A Word from Sam Benzacar
CBRS: Great Opportunities…
By Sam Benzacar
The Citizens Broadband Radio Service (CBRS) is increasingly being recognized as one of
the most important opportunities to develop new services ever offered by the Federal Communications
Commission. If you've never heard of CBRS it's probably because it's a sleeper when compared
to 5G, IoT, and other wireless topics, but that's changing fast. However, this "gift" comes
with some caveats.
In April 2015, the Federal Communications Commission (FCC) formally established the Citizen
Broadband Radio Service (CBRS), which uses "spectrum sharing" in a three-tiered hierarchy
to make 150 MHz of spectrum available between 3550 and 3700 MHz.
With CBRS, the highest level of interference protection is provided to
incumbent services, which the second tier (PAL) licensees get protection from the bottom-tier
GAA users, that receive none.
While 150 MHz may not seem like that much spectrum, consider this: A typical wireless
carrier "owns" about 130 MHz at various frequencies for all its networks. So 150 MHz
of "new" spectrum is quite a bit, almost a third of what the FCC believes is required by 2020
for wireless carriers to accommodate the increasing onslaught of data traffic. The first-priority
category in the hierarchy consists of existing services, principally Navy coastal radars and
some fixed satellite systems, that have priority over the other two categories. These are,
from highest to lowest, Priority Access Licensees (PAL) that will acquire their spectrum through
auction and General Authorized Access (GAA) users for whom access is free. The Tier 1 services
are protected from interference by the lower two tiers, and the second tier (PAL) is protected
from the lowest-tier GAA users. GAA users have no protection. PAL licenses will be auctioned
within 100 MHz (3550 to 3650 MHz) of the total for which each licensee receives
a 10-MHz channel in a single "census tract" for a renewable term, and no more than seven PALs
can operate in each tract. GAA users can use any portion of the full 150 MHz not assigned
to higher-tier users. Only digital transmission technologies can be used in all cases and
it's likely that LTE will be the choice of most users.
A census tract is a portion of a county or other clearly-defined area that the Census Bureau
uses to divide up the U.S. With seven PALs per census tract and more than 70,000 tracts, this
is supposed to make the cost of PAL licenses far less than what wireless carriers pay for
much larger coverage areas. PAL licensees are limited to use of 70 MHz in any census tract,
which means the remaining 80 MHz is available to GAA users.

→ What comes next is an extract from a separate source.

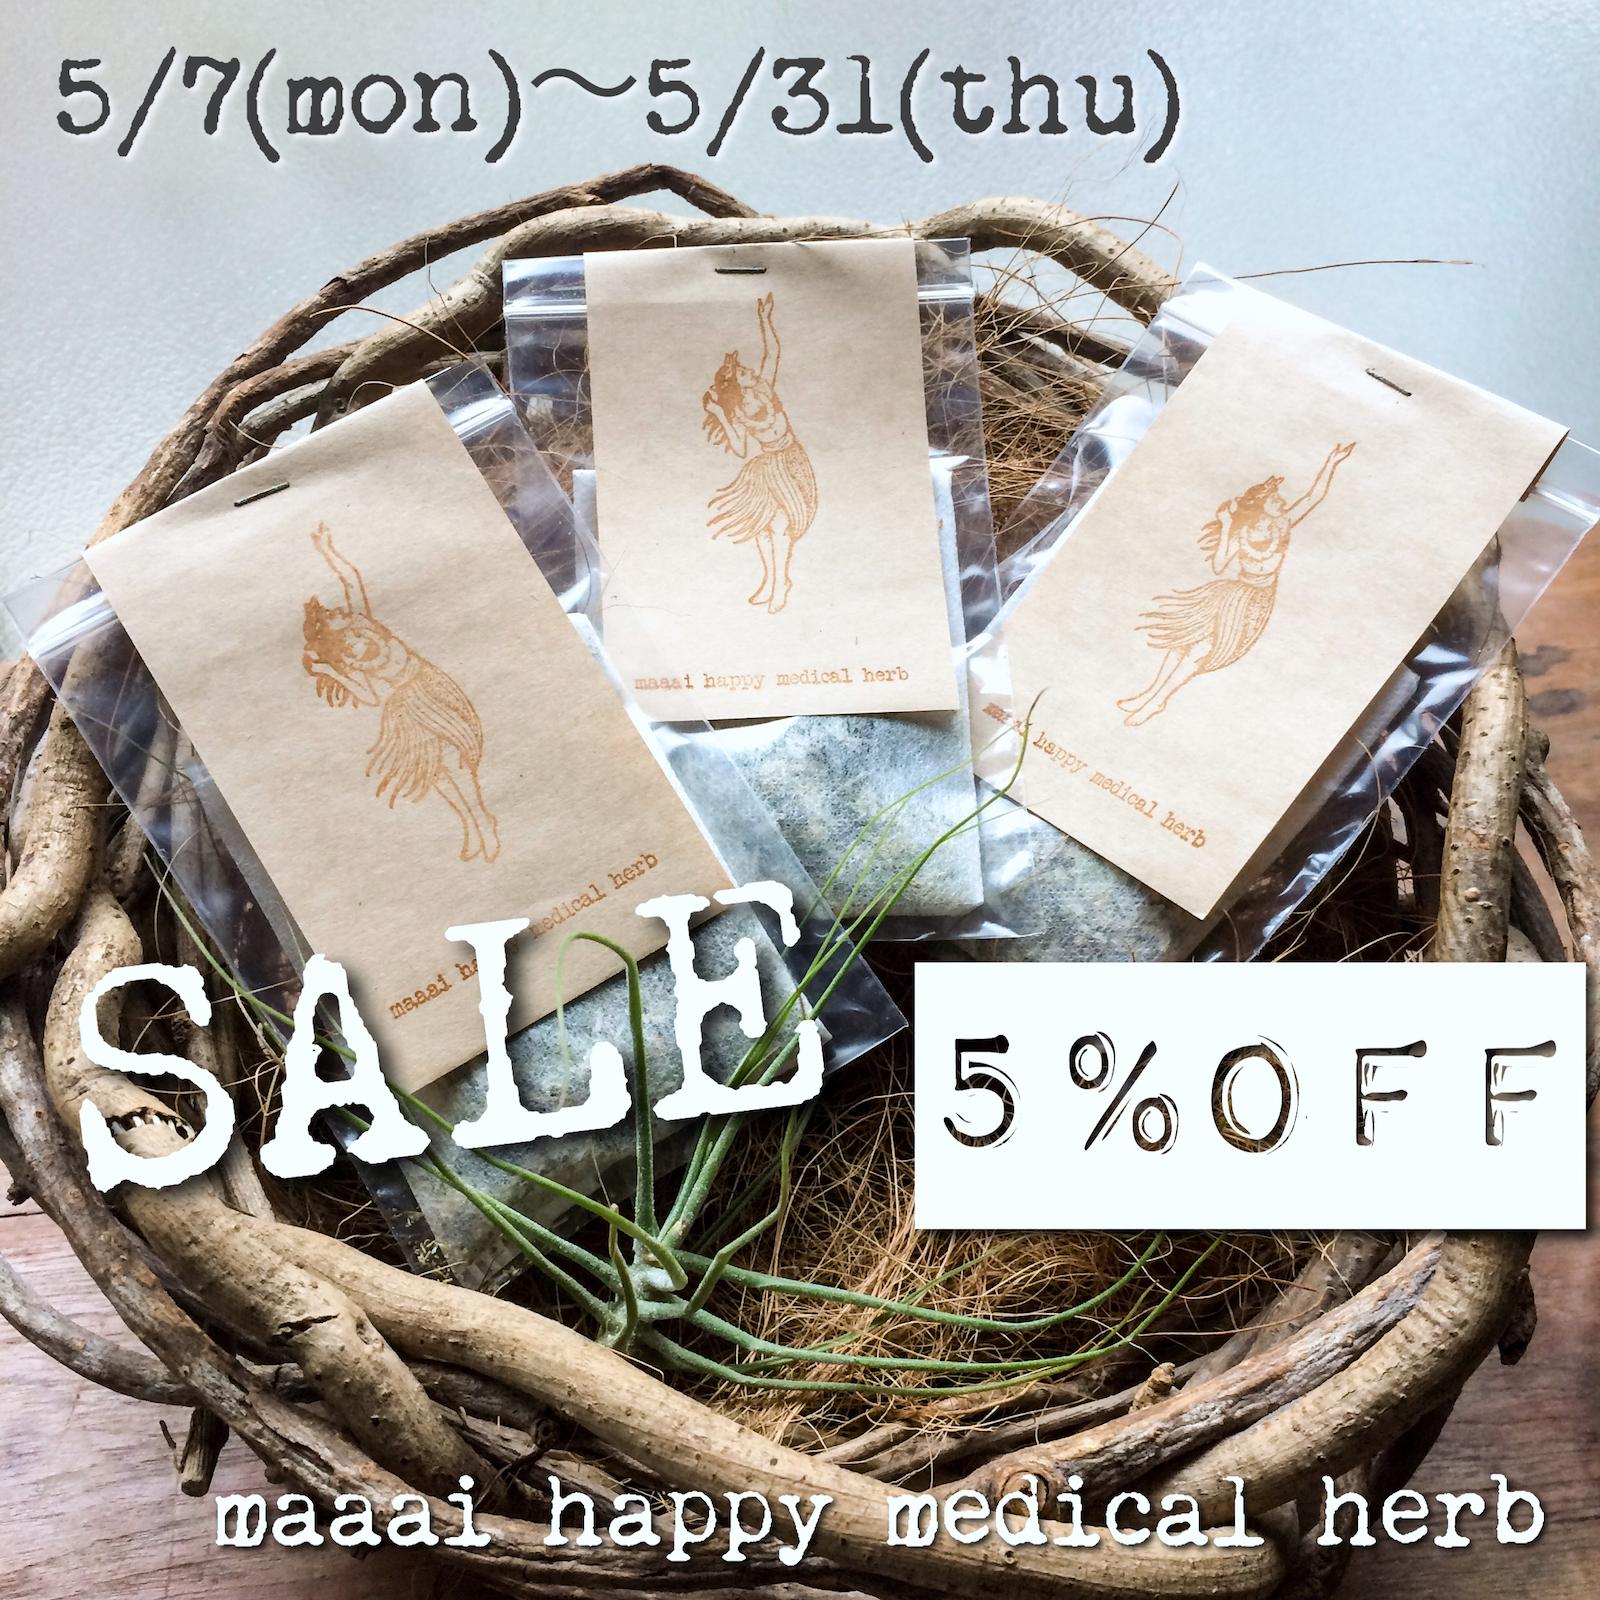 【5%OFF SALE!!!】5/7(mon)〜5/31(thu)

The Opportunities Any discussion about LTE networks is also about the major wireless carriers
for the obvious reason that they are the only entities that have them, which is because only
those with really deep pockets can afford to buy the spectrum and deploy the infrastructure
required to use them. This being the case, Wi-Fi is being used by the less well-endowed, a
technology never designed for mobility, among other things. CBRS makes LTE networks economically
and technically feasible to deploy for the first time. Organizations that need interference
protection can choose the second-tier (PAL) and others can take their chances with GAA. As
the FCC seems open to proposals for any reasonable application, the possibilities for these
networks seem limited only by the imagination. They could provide an alternative for IoT connectivity
at the "long-range level" and cable companies could become Mobile Virtual Network Operators
(think TracFone of Project Fi), for example. There are dozens of possible scenarios for creating
private networks and other uses that will surely be explored in the coming years. Other applications
for the spectrum include use by the traditional wireless carriers to add coverage and capacity
or backhaul on a licensed or unlicensed basis, and the Distributed Antenna Systems (DAS) operated
by neutral hosts.
So What's the Catch? CBRS creates "new" spectrum by allowing multiple entities to use it,
which produces more capacity without moving incumbent services elsewhere. However, when frequencies
are shared they require some form of interference protection such as a "listen-before-talk"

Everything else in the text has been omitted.